The Mirage of a Green President
- Details
- Category: Jeremy Addis-Mills
- Published on Wednesday, 28 July 2010 18:57
- Written by Jaddis-Mills
Last week, Senator Kerry reported that any movement of comprehensive energy policy was all but dead. Not soon after, my email lit up with comments from my progressive, environmentally-minded friends. The comments ranged from irritation with the Obama Administration’s clear lack of interest in protecting the environment to the acceptance that healthcare was more politically savvy and a necessary policy solution for President Obama to take on. I then began to ponder whether one should be surprised that the President was never really out in front on comprehensive reform of U.S energy policy and why he is not really out front today?
With most things during the 2008 election, President Obama had a way of hedging his policy positions. Same-Sex Marriage was Civil Union and leave it up to each church. My favorite and the most applicable to this conversation was his support for alternative energies that included the pipe dream of Clean Coal and Carbon Sequestering, which any environmentally-minded activist or climate scientist will tell you is the wrong direction to be going with energy reform. It is too late to consider such out-of-date, carbon-heavy transition technologies.
During a town hall meeting in September of 2008 in New Hampshire, Obama beat the drum of prioritizing Natural Gas and Biodiesel, and during a campaign rally in Lebanon, VA held on September 9, 2008, he then beat the drum on clean coal. This stop in Lebanon, VA produced an almost famous rallying cry for clean coal and has been turned into advocacy footage for the energy industry in support of clean coal technologies. During this same campaign rally, President Obama equated clean coal technological to that of putting a man on the moon. It is as if he considered it a reasonably smart solution to climate change. This continued well into his administration. On March of this year, Obama called for more funding for clean coal and opening up of more offshore drilling. Unfortunately for the administration, this was only weeks before the blowout and failure of the Transocean BP oil platform that has resulted in one of the most economically and environmentally devastating oil spills in U.S. history.
After adding all this up, I would not call President Obama a true green President. In his defense, President Obama is not the only thing that killed comprehensive reform on the U.S. energy policy.
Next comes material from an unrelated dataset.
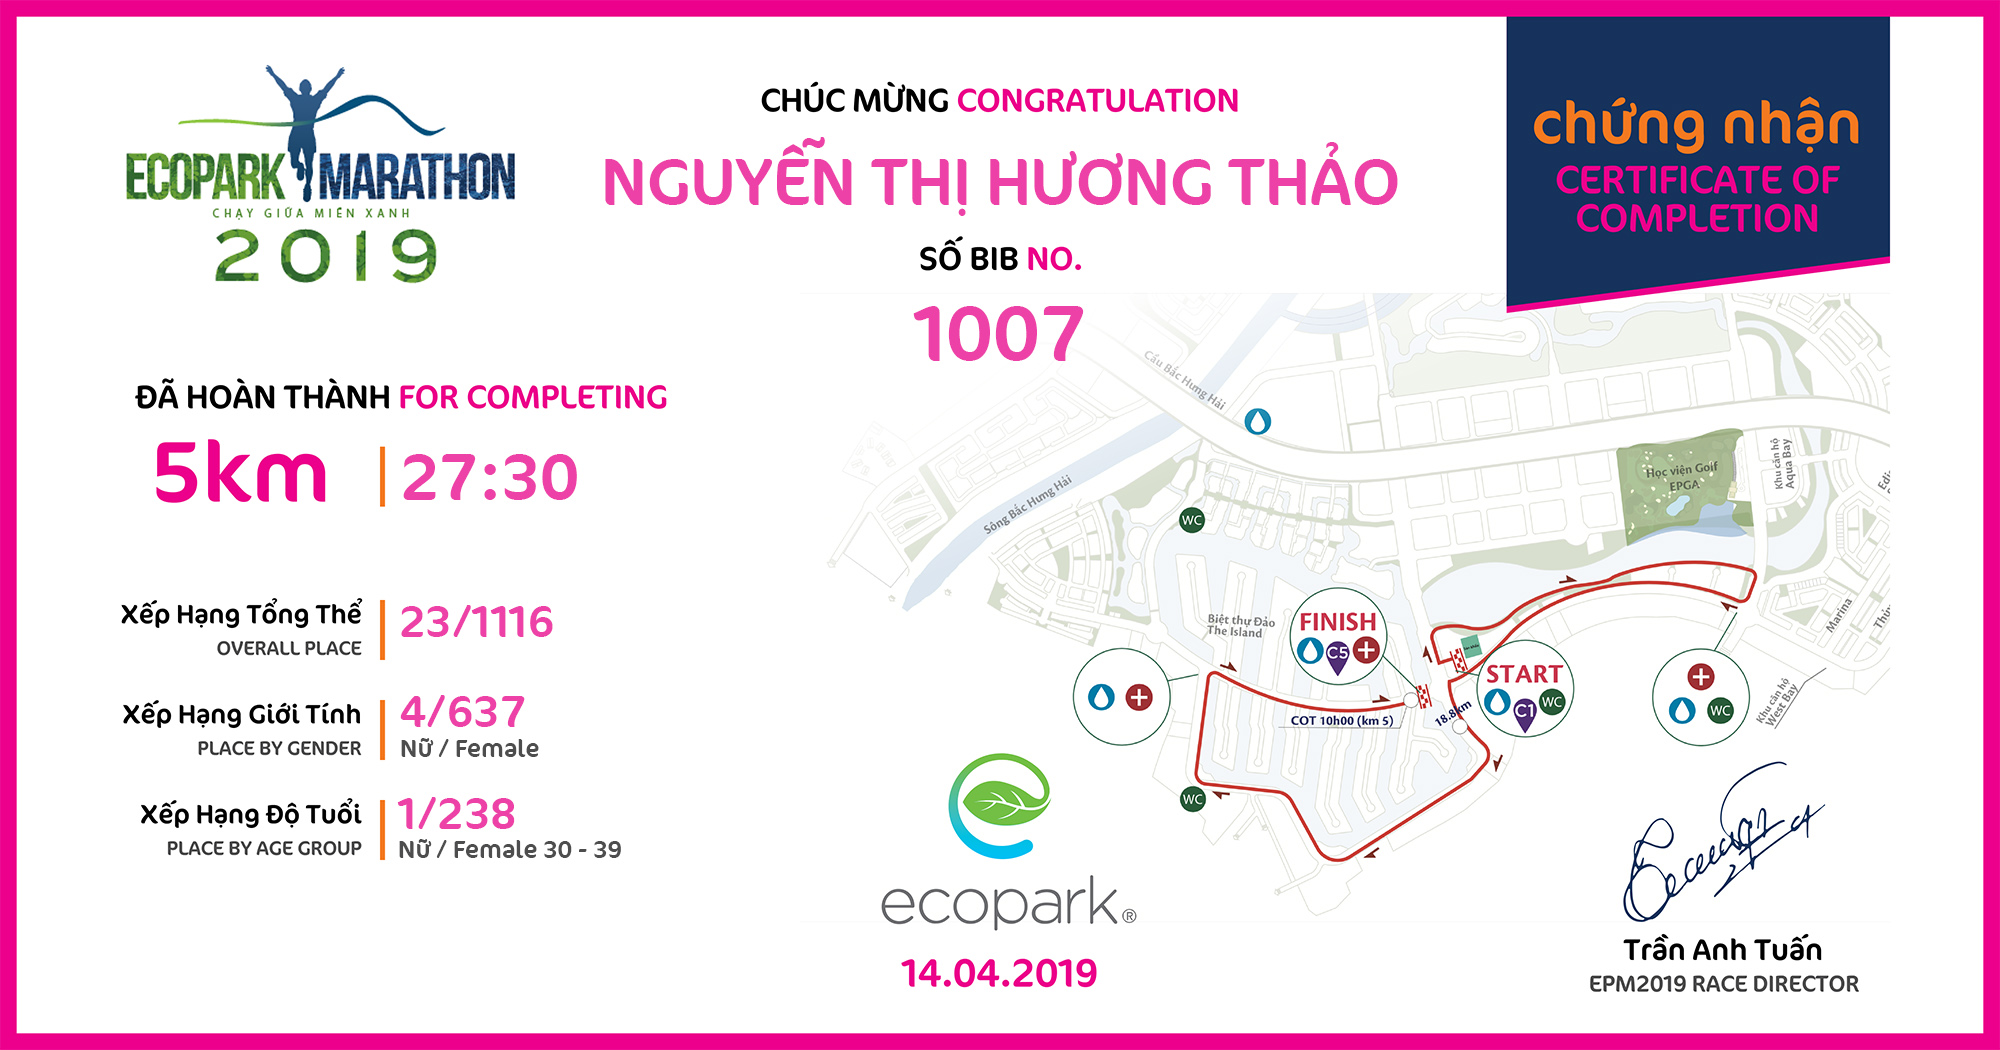 1007 - Nguyễn Thị Hương Thảo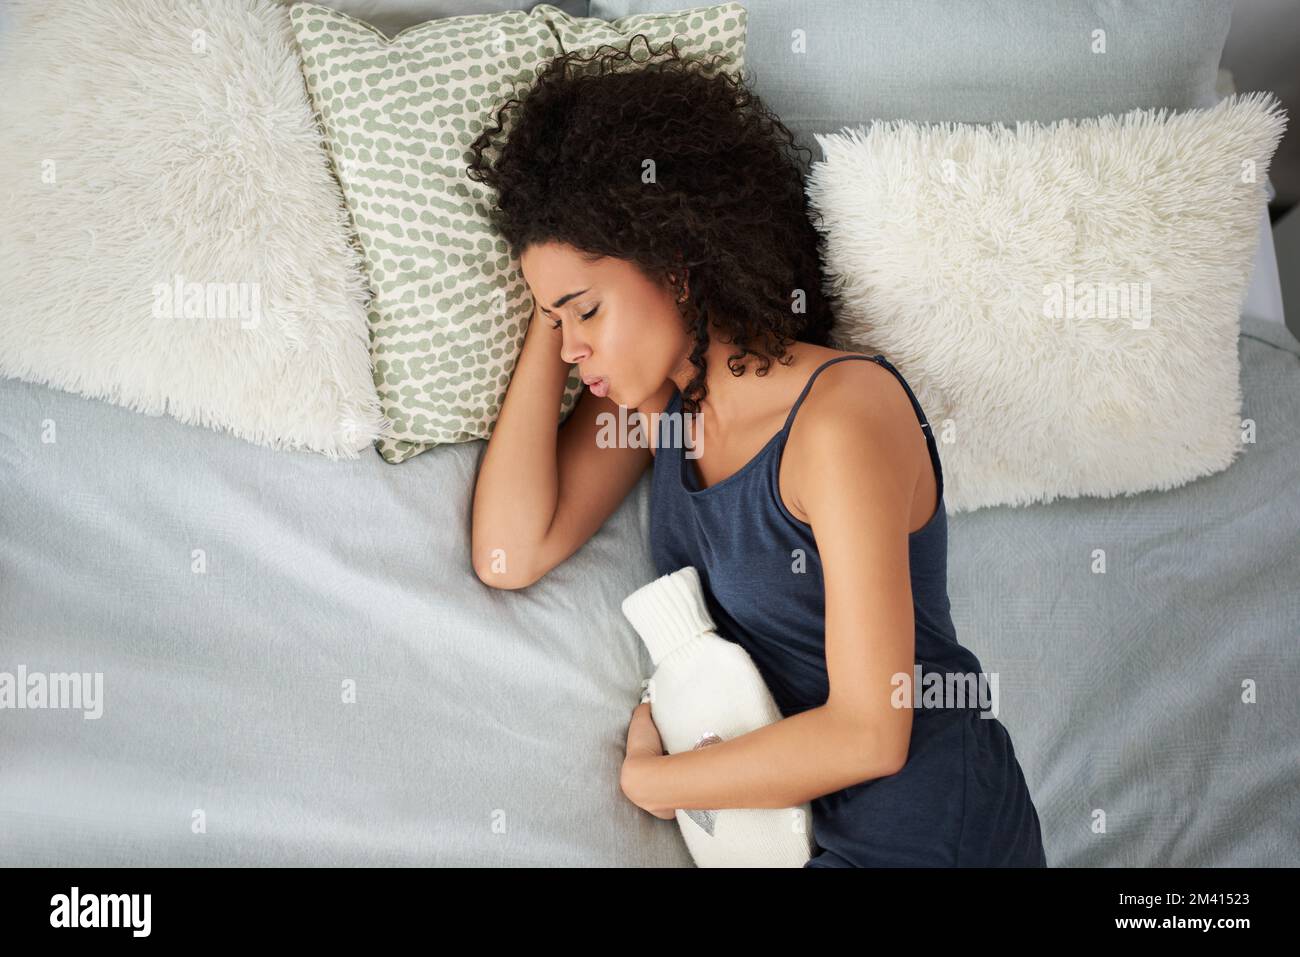 Respirare attraverso il dolore. una giovane donna attraente che soffre di crampi d'epoca mentre sdraiata a letto con una bottiglia d'acqua calda. Foto Stock

The economy has nailed the coffin shut on energy reform. The special interests in favor of the status quo have done a great job in the last year attaching carbon limits, energy reforms, and environmental protections to job killers. The last thing that moderate Democrats and President Obama want to go into the 2010 general election with is the narrative of “Obama the job killer.” The key to getting strong, environmentally-based energy reforms passed is to convince the general public that it is good for jobs and hope the economy gets better.